HEK293T cells were cultured in Gibco-Dulbecco’s modified Eagle’s medium (DMEM) supplemented with 10% (v/v) fetal bovine serum (FBS), 2 mM l-glutamine, penicillin (100 U/mL), and streptomycin (100 mg/mL), and the cells were cultured in 6-well plates at 37 °C in a humidified incubator containing 5% CO₂. The cells were transfected with corresponding plasmids with the Polyethyleneimine Linear (PEI).
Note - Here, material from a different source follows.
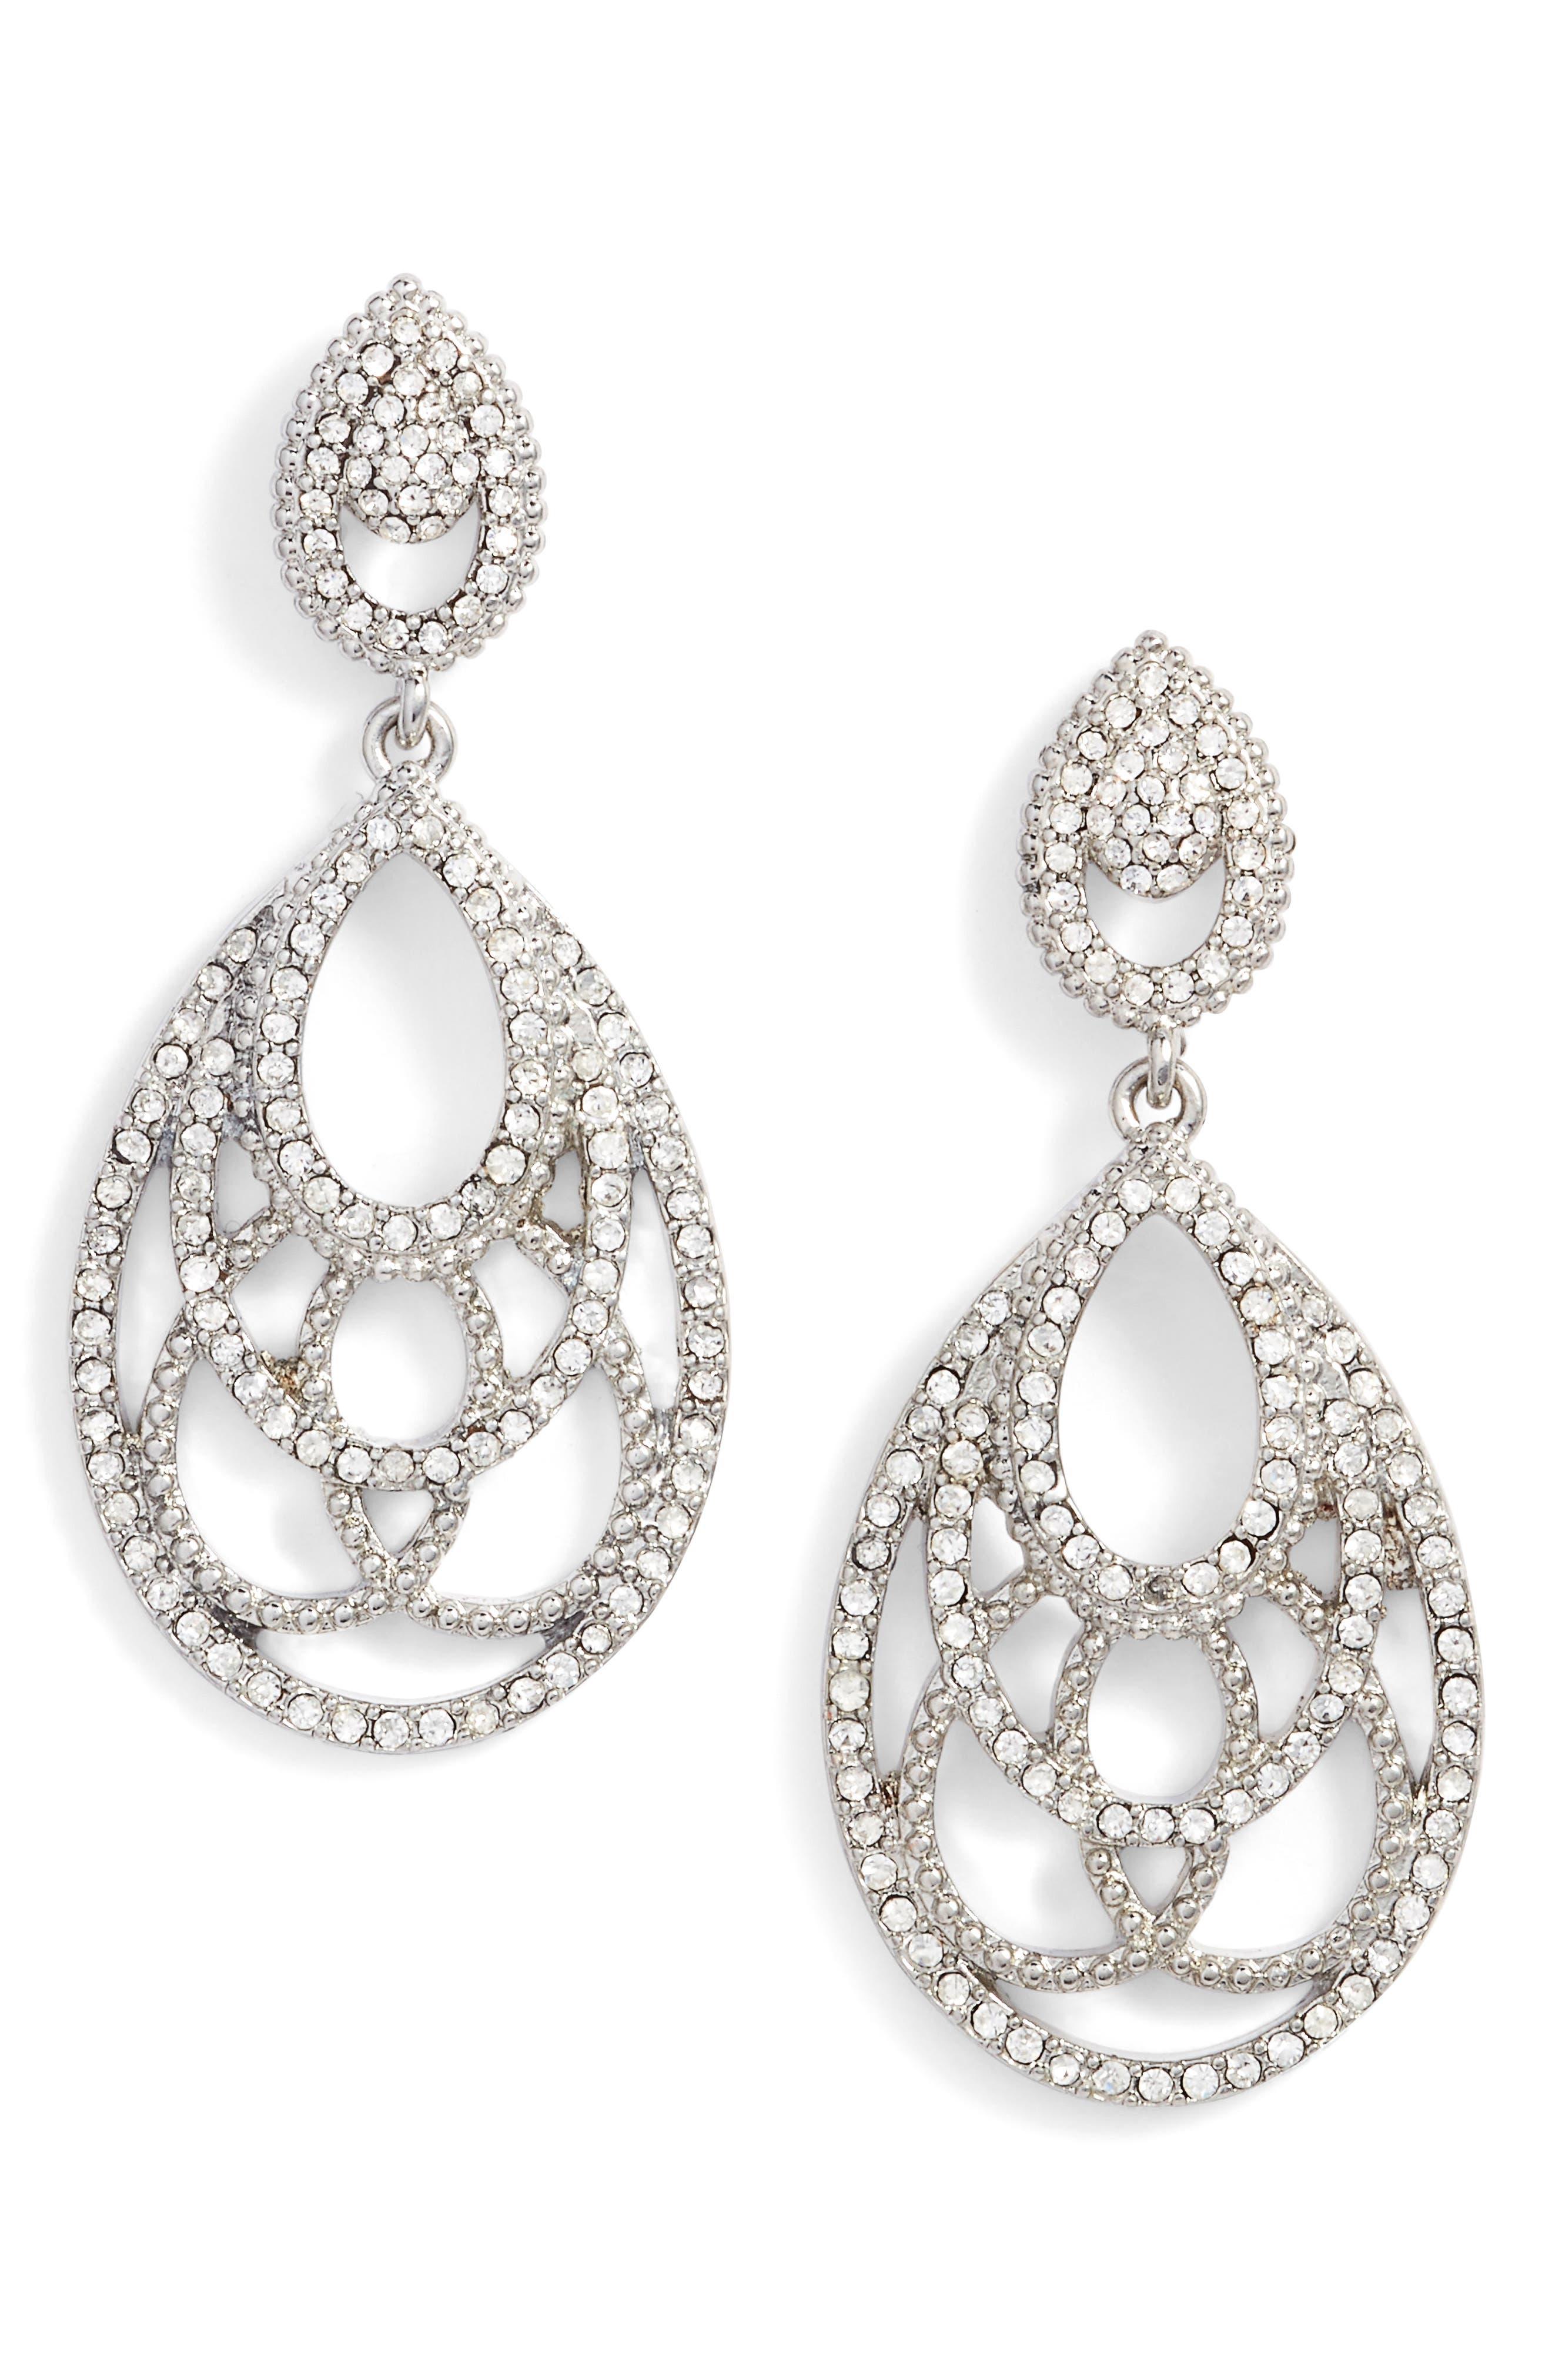 Openwork Crystal Drop Earrings,                         Main,                         color, Crystal/ Silver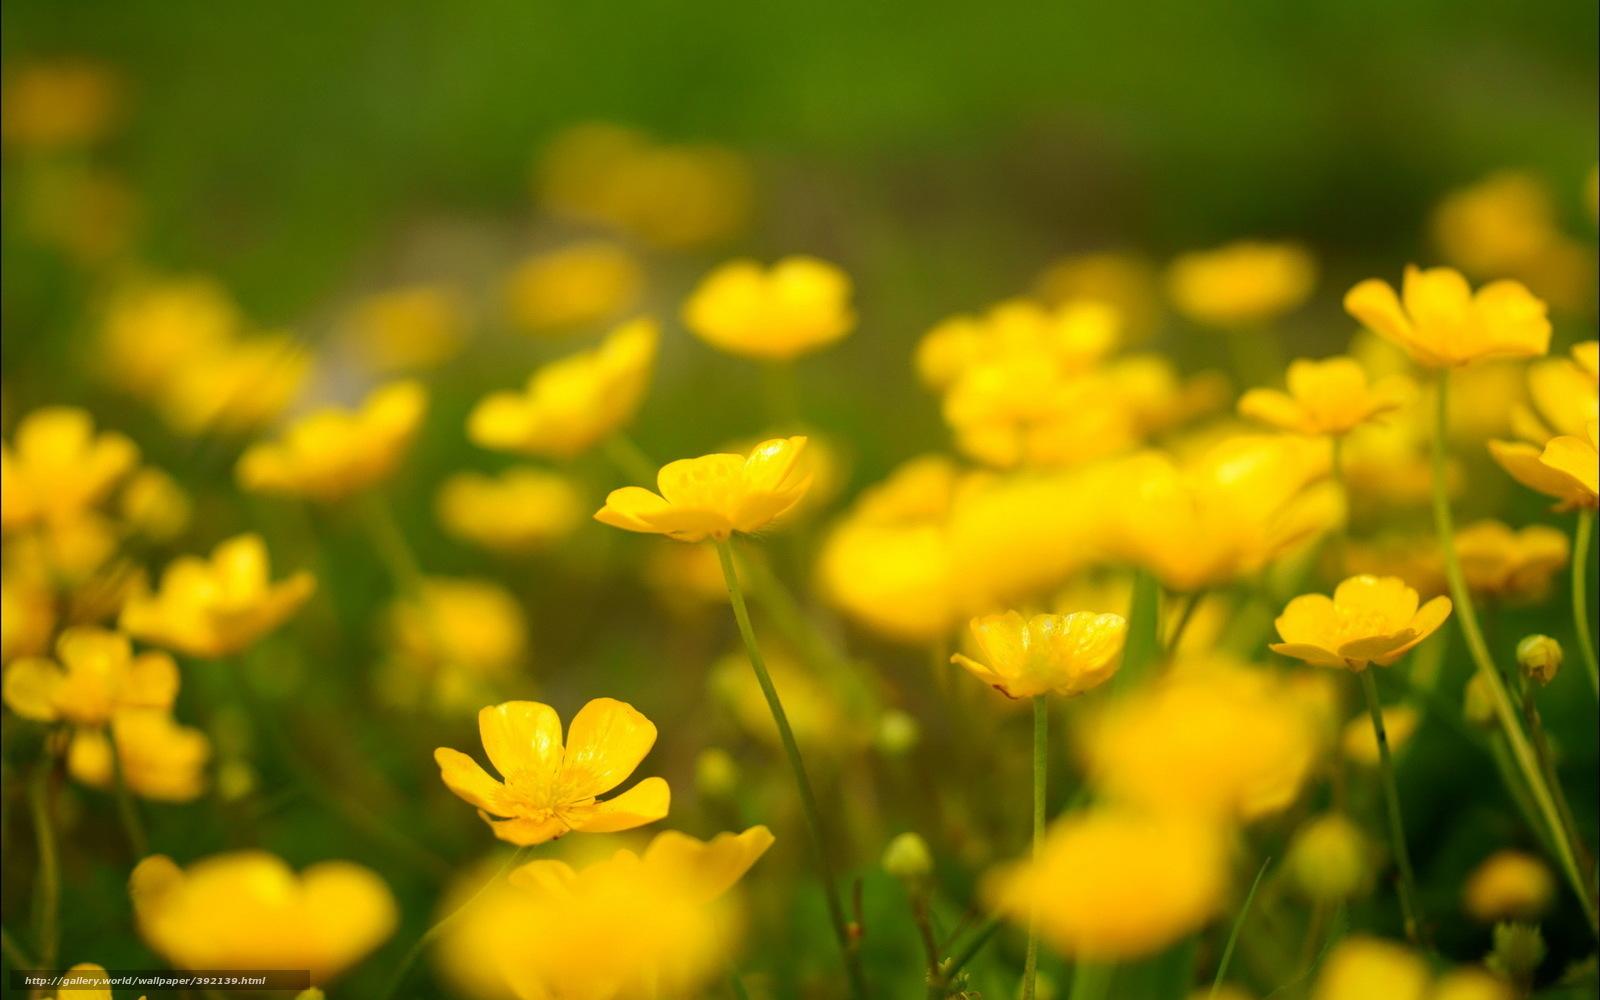 Scaricare gli sfondi primavera fiori campo natura for Sfondi desktop primavera

When rapamycin-inducible cGAS phase separation and signaling system was used, the culture medium was replaced with fresh opened DMEM supplemented with 200 nM rapamycin. When light-inducible dimerization system was used, the cells were incubated under blue light illumination source of 470 nm ± 20 nm. Cells were lysed after 48 h for the subsequent experiments.

Western blotting analysis

The HEK293T cells were lysed with radio immunoprecipitation analysis (RIPA) lysis buffer containing a protease inhibitor mixture and phosphatase inhibitor. The lysates were centrifuged at 13,000 rpm for 10 min and the supernatant was collected to measure the protein concentration by bicinchoninic acid (BCA) assay. After incubation with SDS loading buffer for 10 min at 95 °C, protein samples were resolved by 8% SDS-polyacrylamide gel electrophoresis (SDS-PAGE), transferred to a polyvinylidene difluoride membrane, incubated with triturated saline containing 5% (w/v) milk in 0.1% Tween-20 (TBST) at 4 °C overnight, then incubated with the primary antibody for 2 h and with secondary antibody for 1 h at room temperature. Protein bands were visualized with a chemiluminescent substrate and images were acquired using an iBright 1500 imaging system. Densitometric analysis was performed using ImageJ software. All used antibody information is shown in Table S5.

RT-qPCR analysis

Cells were inoculated in six-well plates and total RNA was extracted with HiPure Total RNA Kit (MGBIO). Diluted RNA was reverse transcribed with the cDNA Synthesis Kit (ThermoFisher Scientific). The cDNA obtained from reverse transcription was used as a template for PCR amplification reaction with specific primers and PCR Master Mix (ThermoFisher Scientific). Analyzed the samples by the Quantagene q225 qPCR System (KUBO). All reagents were used according to the manufacturer’s instructions. Primer sequences are listed in Table S6. GAPDH (human) was used as an internal control.

Reporting summary

Further information on research design is available in the Nature Portfolio Reporting Summary linked to this article.